Diferente de grandes seitas como o Templo Suspense, o Vale do Rei Oriental e a Torre de Pesca do Mar, que operavam quase como nações independentes e tratavam com os países vizinhos em termos de igualdade, o Mosteio Marchito-Florescente havia sido estabelecido desde o início no território do Estado de Qi.
Desde que o Imperador Wu de Qi restaurou o reino e submeteu o realm, o Mosteio Marchito-Florescente, como todas as outras seitas dentro do Estado de Qi, esteve sujeito à autoridade da corte de Qi e obedeceu aos seus decretos.
Mas a diferença residia no fato de que a força do Mosteio Marchito-Florescente superava amplamente a das outras seitas.
Dentro do Estado de Qi, até mesmo houve uma tendência ao domínio da seita budista.
A influência do Mosteio Marchito-Florescente estava profundamente enraizada, alcançando cada nível da sociedade.
Jiang Wuliang, o Príncipe Herdeiro do Estado de Qi, era devoto do budismo. Além da fé, essa devoção também estava enraizada em sua dependência do poder do Mosteio Marchito-Florescente.
E o profundo ódio do Imperador Wu de Qi pela devoção de Jiang Wuliang ao budismo—era verdadeiramente apenas insatisfação com os Shakyamuni? Não era também receio desta força formidável?

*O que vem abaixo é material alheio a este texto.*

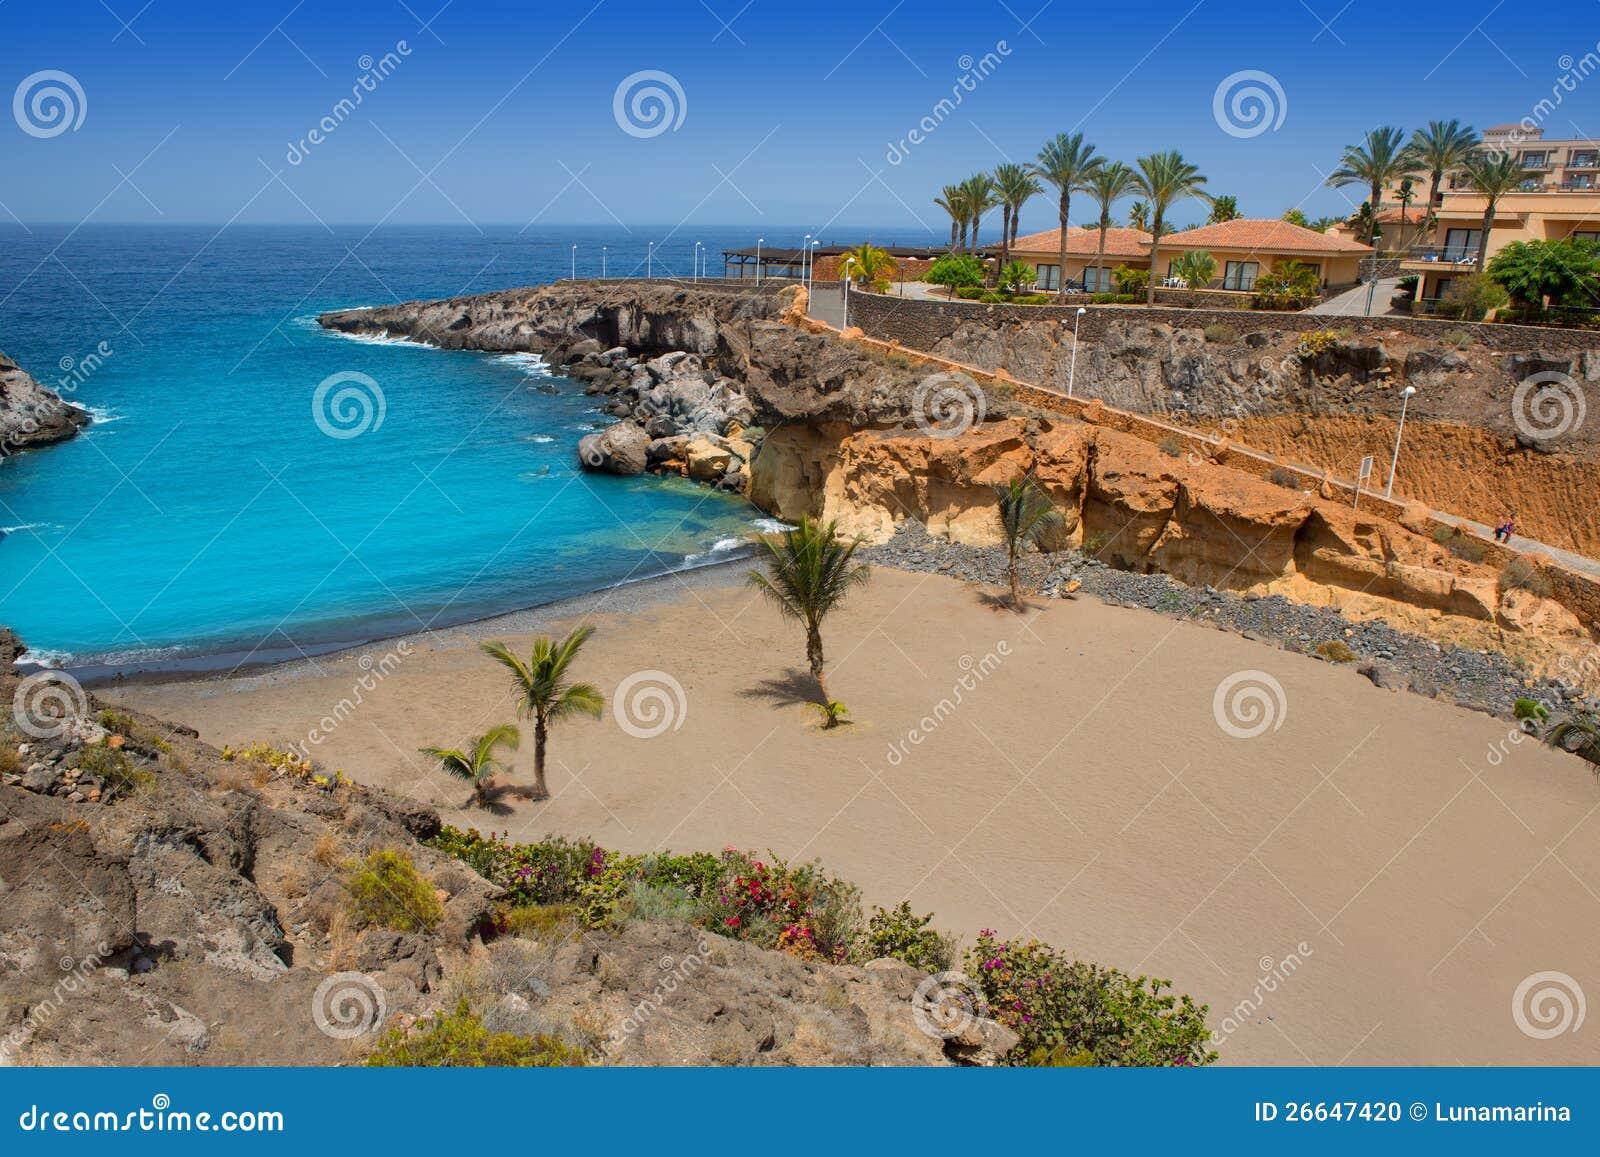 Beach Playa Paraiso Costa Adeje In Tenerife Stock Photo - Image ...

A razão pela qual, mesmo após a Guerra Qi-Xia ter se resolvido e a posição política de Jiang Wuliang ter sido provada como errada, a posição de Príncipe Herdeiro ainda pudesse ser adiada por cinco anos antes que o Imperador Wu finalmente o depusesse—
Isto não era absolutamente porque o Imperador Wu era compassivo, mas porque Jiang Wuliang genuinamente possuía poder capaz de rivalizar com o Imperador por um tempo.
Toda a rede do Mosteio Marchito-Florescente estava, na realidade, à disposição de Jiang Wuliang.
O debate político entre as facções pró-paz e pró-guerra era, na verdade, uma luta por poder nos bastidores. Alguns até o viam como o primeiro desafio direto de Jiang Wuliang à autoridade imperial!
E o resultado...
Foi a deposição de Jiang Wuliang e a destruição completa do Mosteio Marchito-Florescente. Todas as escrituras centrais foram queimadas, os monges principais executados até o último, e os monges comuns foram forçados a abandonar a vida monástica.
Uma seita inteira desapareceu como fumaça.
As ruínas do Mosteio Marchito-Florescente no distrito oeste de Linzi haviam sido uma vez um lugar de incenso próspero, mas depois se tornaram nada mais do que muros quebrados e escombros.
Talvez por algum tabu, ou talvez porque parecia sinistro, ninguém na vasta cidade de Linzi havia posto os olhos nesta terra ao longo dos anos. Simplesmente a deixaram à decadência.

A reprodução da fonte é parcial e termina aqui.